SYSK 81: How compression works
In essence, file-compression programs simply get rid of the redundancy. Instead of listing a piece of information over and over again, a file-compression program lists that information once and then refers back to it whenever it appears in the original program.
Most compression programs use a variation of the LZ adaptive dictionary-based algorithm to shrink files. "LZ" refers to Lempel and Ziv, the algorithm's creators, and "dictionary" refers to the method of cataloging pieces of data.
For the following sentence:
"Ask not what your country can do for you -- ask what you can do for your country.",
the dictionary will be:
1 ask
2 what
3 your
4 country
5 can
6 do
7 for
8 you
and the compressed sentence will be:
"1 not 2 3 4 5 6 7 8 -- 1 2 8 5 6 7 3 4"
While the example above conveys the raw idea of how compression is done, in reality, the compression programs are not splitting source data into words, but rather look for patterns. To achieve good compression ration, not all patterns will become dictionary items. Instead of the dictionary above, it's could be:
1 ask__
2 what__
3 you
4 r__country
5 __can__do__for__you
and the compressed sentence spelled as:
"1not__2345__--__12354"
Now you can see why text files and computer program's source code compresses well (high rate of redundancy), and graphics and MP3 files do not (include a lot of unique information).
Some programs are particularly suited to picking up patterns in certain types of files.
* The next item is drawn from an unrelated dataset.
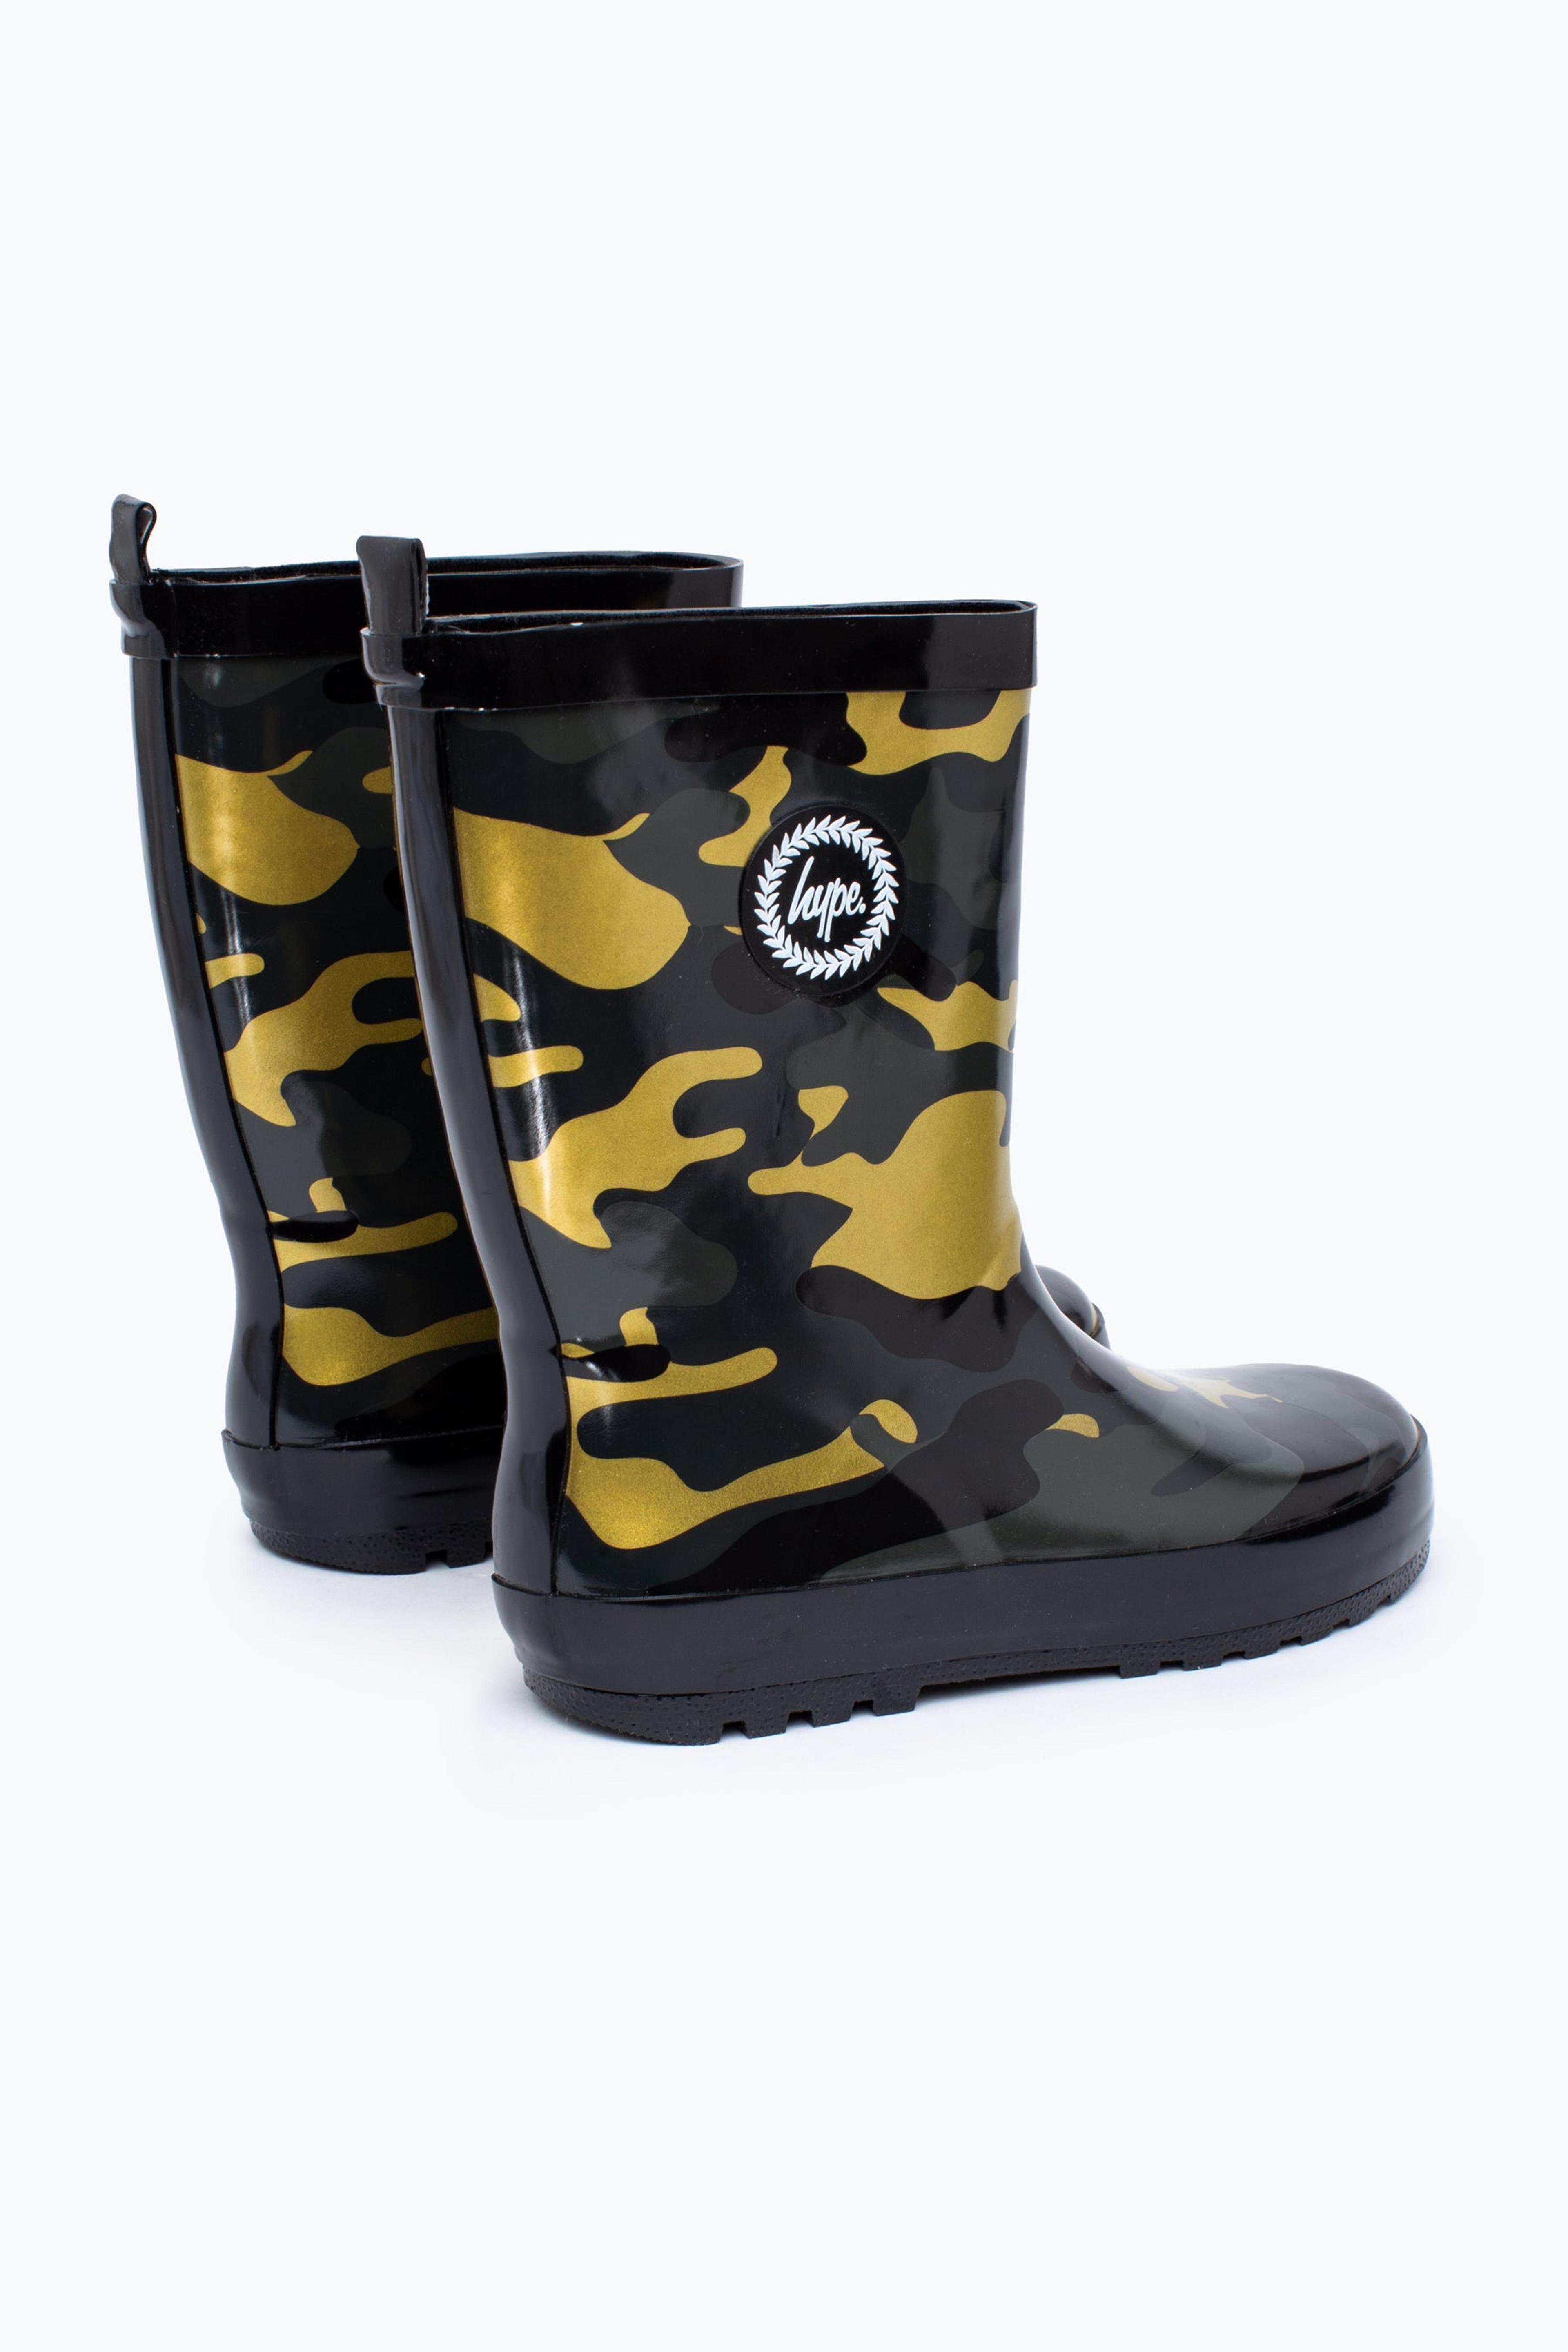 Alternate View 1 of HYPE KIDS UNISEX GOLD CAMO WELLIES

For example, XML compresses very well with gzip.
If the compression/decompression algorithm lets you recreate the original file exactly, it's called lossless compression. Lossy compression eliminates "unnecessary" bits of information. This type of compression is used a lot for reducing the file size of bitmap pictures. While large parts of the picture may look the same -- the whole sky is blue, for example -- most of the individual pixels are a little bit different.
Source: http://computer.howstuffworks.com/file-compression1.htm
Comments
- Anonymous
March 13, 2006
Note too, that many A/V and graphics formats - and MP3 as an audio format in particular (as with most MPEG derived formats) don't compress well because they have already been compressed as a part of their file format definition. The same reason why a CAB or ZIP file doesn't compress well. You can rarely squeeze more out of a compressed file by compressing it again - even with a second algorithm. - Anonymous
March 23, 2006
Your blog is really useful because as an application developer, I come across so many concepts and technologies that its hard to know everything.. Your blog is very resourceful and your approach to explaining tech using simple definitions and examples is neat.. Thank you for doing this and keep up the great work.
I had a question about the compression.. so is it possible that one might end up with larger sized file if the text file contains unique words all along...
Thanks
- Ravi - Anonymous
March 23, 2006
Thanks for the kind words!
Yes, you're absolutely right! If a text file contains all or large amount of unique words, the compressed file will likely be larger than the original.